I love you. I hate you. Take me hard. Don’t touch me. I miss you. What time will you be home for dinner? Don’t forget to call your mom. He’s away on business this week; I can’t wait to make you come in his bed. Can you bring home some milk?

He was a silent witness to the full rainbow of the human experience, from the mundane to the tawdry. This condition wasn’t informing his fiction, as he’d hoped. It was causing him to prefer the company of rodents.

“There’s something up there. Something big.”

The client was unapologetically old, with a snow-white head of tight curls, a face where skin hung like melting wax, but thin and alert. She had bright blue eyes that seemed to assess him from head to toe in a blink-not in a judgmental way. In the way of the wise, knowing, accepting what is. She wore a snug pair of jeans and a big sweatshirt that said ATTITUDE PROBLEM. Her Nike trainers looked like they’d seen some miles.

Wanda had said the old lady was upset, but she didn’t seem upset to Charlie.

“I can’t get to the attic anymore, or I’d find it myself and beat it to death with this.” She glanced toward her cane, lifted it a little for emphasis. “I’ve had every critter imaginable up there-been in this house more than fifty years. Never heard anything like that.”

She looked up at the ceiling, and he found himself doing the same.

“What did it sound like?” he asked. They’d climbed two flights of stairs together-in spite of the cane, she was fast-and now stood beneath the attic entrance. He was still catching his breath a bit. It was a big, old house, a veritable museum of dusty carpets, mediocre oil paintings of nature scenes and stiff-looking people, heavy, ornate furniture. A grand piano in a room filled with books, working fireplaces with mantels covered in framed photographs. Beds with handmade quilts, dolls reclining in window seats. A real house, echoing with life lived-full of memories and irregularly shaped rooms.
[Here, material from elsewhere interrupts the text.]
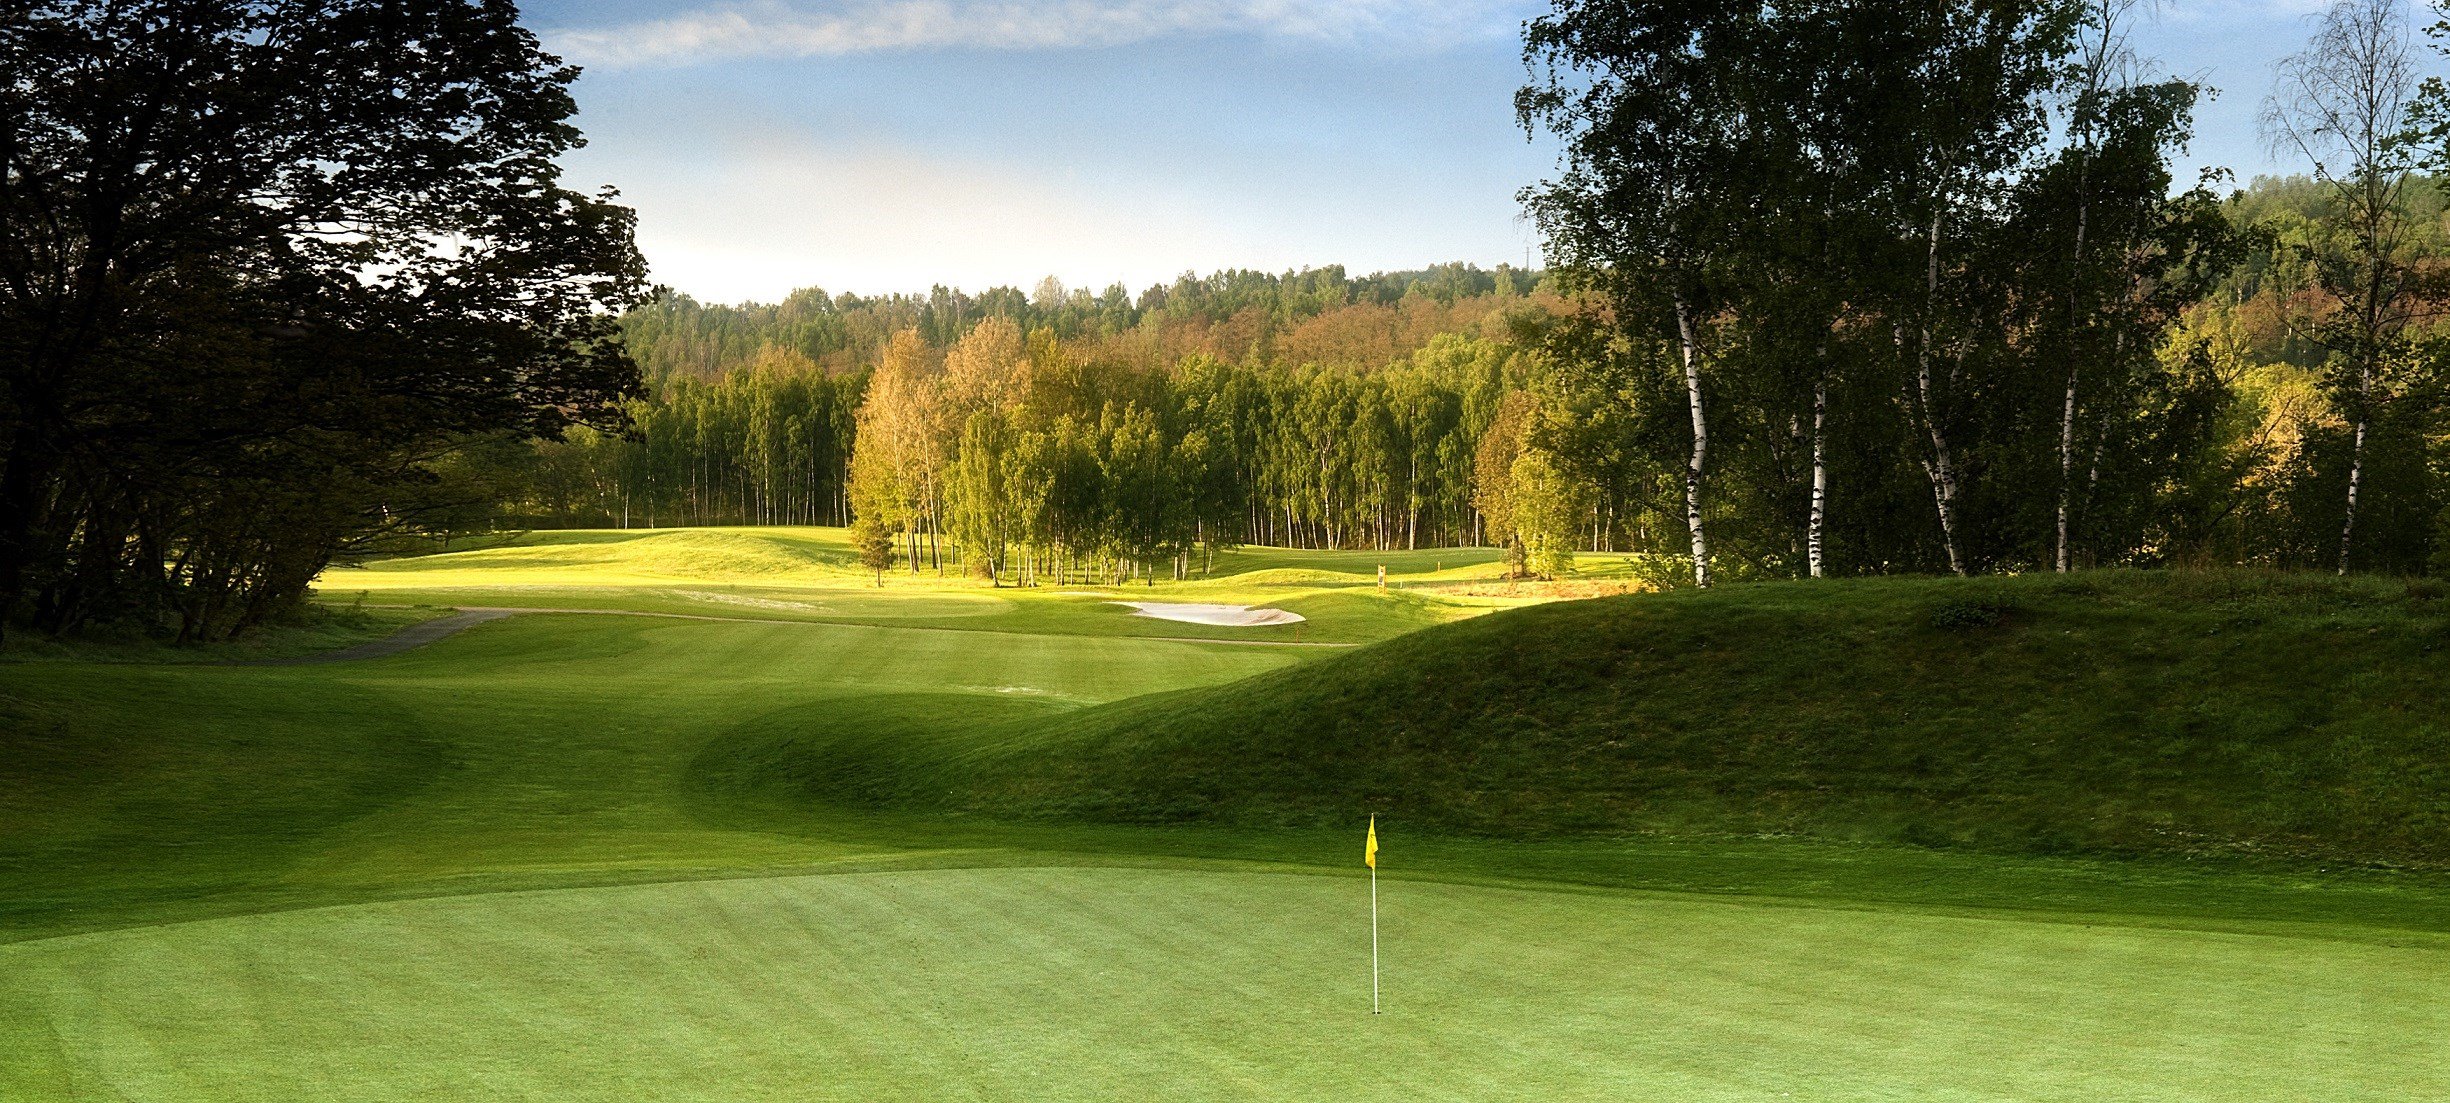 Golf_Greensgate_02.jpg

“Thumping, banging. Almost… rhythmic.”

Probably not rats. Raccoons did a lot of thumping and pounding for some reason.

“Okay, Mrs. Monroe,” he said, reaching up for the cord that would release the attic door and ladder. “Let’s see what you have up there.”

The door came down easily, and he unfolded the ladder until it reached the floor. Mrs. Monroe flipped on a light against the encroaching darkness. He looked at his watch; it was already after six. He wondered if Wanda would really wait for him or if she was just being polite. Maybe he’d go in and find a note-Sorry, Charlie. I had to run. Another time? He wouldn’t be surprised; he didn’t have much luck with women. After a few dates, they always seemed to want to be friends. He was already feeling the crush of disappointment before they’d even had their first drink.

“You just be careful,” Mrs. Monroe said. “And holler if you need anything.”

He hoisted his bag over his shoulder and climbed up, feeling the old ladder groan beneath his weight.

The only light source in the attic was a small circular window at the far end. But in the waning hours of the day, it just served to create a field of shadows. He could stand but with an uncomfortable bowing of his head and scrunching of his shoulders. He pulled out his flashlight and shone the beam around, expecting to hear skittering, maybe something knocked over in flight. But there was only silence. Boxes, an old rocker, a small rolltop desk-a landscape of old and forgotten things. Why didn’t people just get rid of their junk? The old lady said herself she hadn’t been up here in years.

He looked around the floor for feces, lifting his nose to the air for the telltale smell of urine. But all he smelled was dust and mold as he made his way through the junk-an old radio, a box of rotary phone parts, piles and piles of books.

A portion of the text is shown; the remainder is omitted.